Ce week-end, devant les grilles de l’ambassade de France à Washington, il y avait des bougies, des bouquets de fleurs en pagaille, des messages… et aussi des bouteilles de vin français, curieusement devenues un symbole de résistance.
Ces bouteilles et ces gobelets éparpillés au milieu des roses font écho à de nombreux articles et commentaires dans la presse américaine qui, comme en France, ont insisté sur un fait : vendredi soir, à Paris, c’est un certain lifestyle à la française qui a été visé, ou en tout cas l’image que le monde en général et les Etats-Unis en particulier s’en font.
“Ce qui est attaqué ici, c’est le mode de vie à la française – leur joie de vivre, leur art de vivre, leur façon de profiter sincèrement des plaisirs de la vie de tous les jours, écrit Shellie Karabell dans Forbes. Comme l’a écrit dans “Paris, France” Gertrude Stein, une écrivaine américaine qui a vécu à Paris la plupart de sa vie, les Français croient que rien n’est vraiment important dans la vie, sauf le quotidien (…)”
Pendant tout le week-end, un commentaire à un article du New York Times, rédigé vendredi soir par une personne de Santa Barbara au pseudo de Blackpoodles a beaucoup circulé sur les réseaux sociaux.
“La France incarne tout ce que les fanatiques religieux haïssent : la jouissance de la vie ici, sur terre, d’une multitude de manières : une tasse de café qui sent bon, accompagnée d’un croissant, un matin ; de belles femmes en robes courtes souriant librement dans la rue ; l’odeur du pain chaud ; une bouteille de vin partagée avec des amis, quelques gouttes de parfum, des enfants jouant au jardin du Luxembourg, le droit de ne pas croire en aucun Dieu, de ne pas s’inquiéter des calories, de flirter et de fumer, de faire l’amour hors mariage, de prendre des vacances, de lire n’importe quel livre, d’aller à l’école gratuitement, de jouer, de rire, de débattre, de se moquer des prélats comme des hommes et des femmes politiques, de remettre les angoisses à plus tard : après la mort.
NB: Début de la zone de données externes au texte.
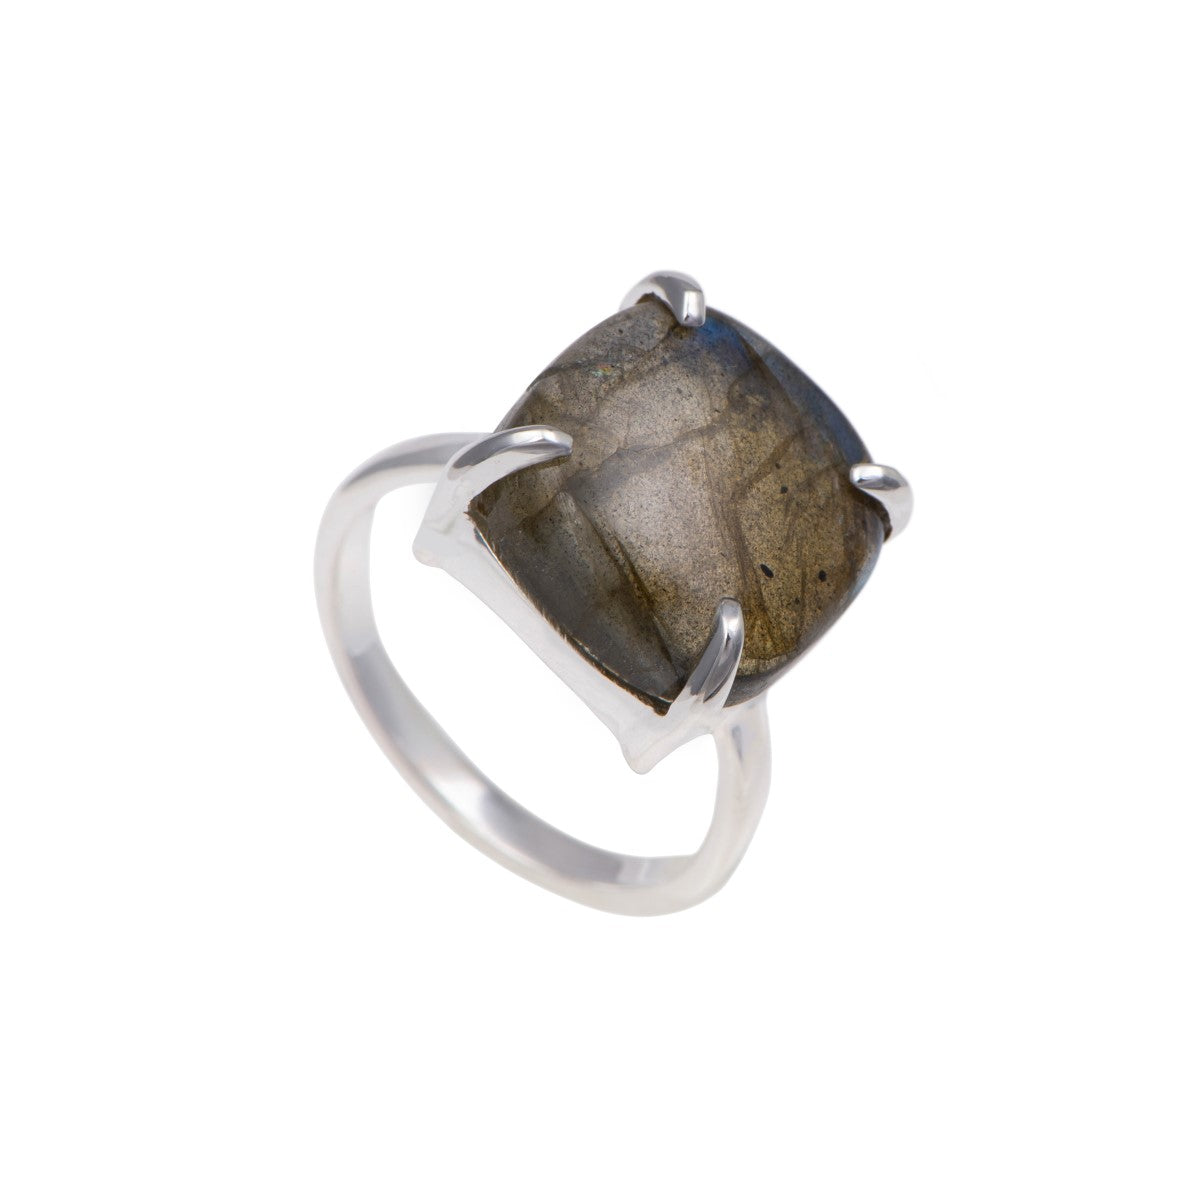 Square Cabochon Labradorite Ring in Sterling Silver

Aucun pays ne profite aussi bien de la vie sur terre que la France (…).”
Dans le même registre, le magazine Quartz a repris et traduit en anglais les dessins de Joann Sfar, qui opposent certains traits français – épicurisme, joie de vivre, liberté – à la peur que veulent disséminer les terroristes.
Pour faire comprendre à ses lecteurs quelle a été la cible des attentats, le New York Times consacre un article au onzième arrondissement, dépeint comme un quartier festif, jeune, multi-culturel, socialement mixte et “connu pour sa bonhomie”. Le journal le compare à l’East Village de Manhattan. Pourquoi avoir ciblé ce quartier ? “Les résidents ont décrit les assauts comme des profanations délibérées d’un certain mode de vie parisien, incarné dans ce quartier par des boutiques de bottes en cuir sur-mesures, des galeries d’avant-garde, des magasins de disques, des restaurants haut-de-gamme, des cafés et des synagogues”, écrit le New York Times.
Sur un autre ton, John Oliver, l’animateur du LastWeekTonight, s’est amusé de la fracture entre la culture française et l’idéologie de l’Islam radical. “Si vous [les islamistes d’ISIS] menez une guerre culturelle et idéologique avec la France, et bien putain, bon courage ! Vous allez y aller, avec votre idéologie creuse. Eux vont vous sortir Jean-Paul Sartre, Édith Piaf, le bon vin, les Gauloises, Camus, le camembert, les madeleines, les macarons, Marcel Proust et la pièce montée. La PIECE MONTEE. Vous débarquez avec votre philosophie d’abnégation rigoureuse au beau milieu d’une guerre pâtissière, les mecs. Vous êtes foutus, les gars!”